Between 2 to 5% of enamel mineral is recognized to contain carbonate, changing the dimensions of the unit cell of the crystal, and consequently the solubility of the apatite [3-6]. The phosphates containing HPO42- and PO43- generally constitute the biologically relevant calcium phosphate of dental tissues. The solubility behavior of hydroxyapatite at various levels of fluoride substitution revealed that the maximum effect was obtained when 50% of the hydroxyl groups had been replaced, corresponding to the greatest lattice stability and reflecting a low lattice free energy. Two different types of heterogeneous fluoridated hydroxyapatites were synthetized. They look either as HAp covered with fluoroapatite, or as fluoroapatite covered with hydroxyapatite (H-Ap and F-Ap) .
By definition, all calcium orthophosphates consist of three major chemical elements, calcium, phosphorus, and oxygen, as parts of orthophosphate anions. The apatite family includes three main structural types:
(1) The apatite type, which includes the derivatives of hydroxyapatite and fluoroapatite, as well as those related to apatite-type structures such as Octacalcium Phosphate (OCP);
(2) The glaserite type, including all polymorphs of tricalcium phosphates;
(3) The Ca-Po4 sheet-containing compounds, including dicalcium phosphate dihydrate, dicalcium phosphate anhydrous and monocalcium phosphates. Amorphous Calcium Phosphate (ACP), a possible precursor to bioapatite, may be related to one or more of the structural types reported above.

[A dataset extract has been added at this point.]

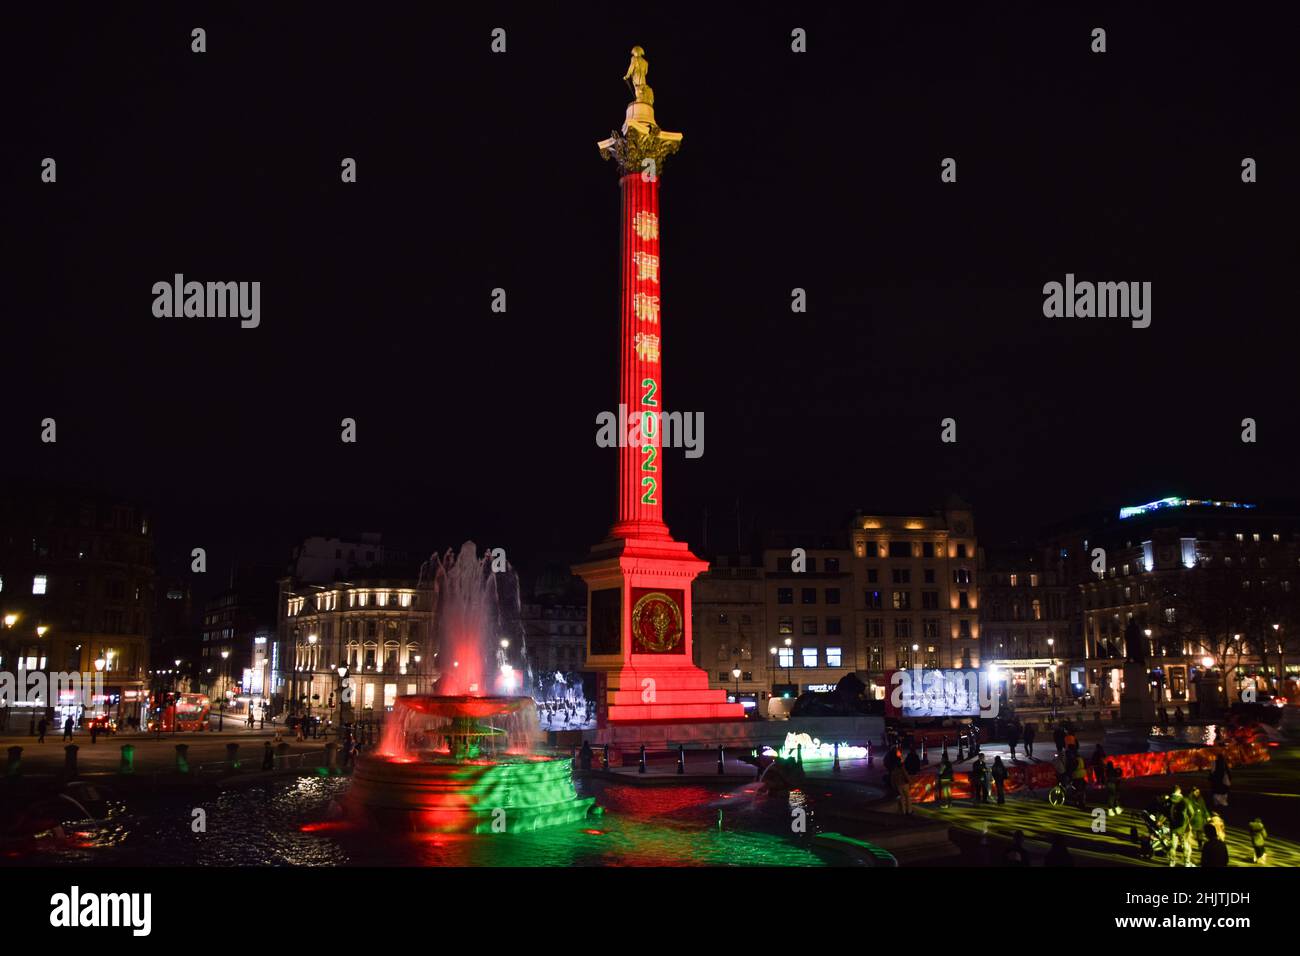 Londres, Royaume-Uni 31st janvier 2022.'2022' est projeté sur la colonne de Nelson à Trafalgar Square pour célébrer le nouvel an chinois.Cette année marque l'année du tigre.Credit: Vuk Valcic / Alamy Live News Banque D'Images

Hydroxyapatite (OHAp,Ca10(PO4)6(OH)2), chlorapatite, carbonated apatites and Fluoroapatite (FAp, Ca10(PO4)6F2 and other calcium apatites are important in biology because they form the mineral part of bone and teeth. They take part in the mineralization process, and prevent caries. Fluorides increase the resistance of the mineral to acid dissolution, and decrease the mineral solubility [8,9].
The most well documented effect of fluoride is ion substitutes for a column hydroxyl in the apatite structure. This is giving rise to a reduction of crystal volume and a concomitant increase in structural stability. In the process of enamel mineralization during amelogenesis, free fluoride ions in the fluid phase are supposed to accelerate the hydrolysis of acidic precursor(s) and increase the driving force for the growth of apatitic mineral. The substitution of fluoride in the hydroxyapatite occurs during the crystal development with carbonate, and magnesium.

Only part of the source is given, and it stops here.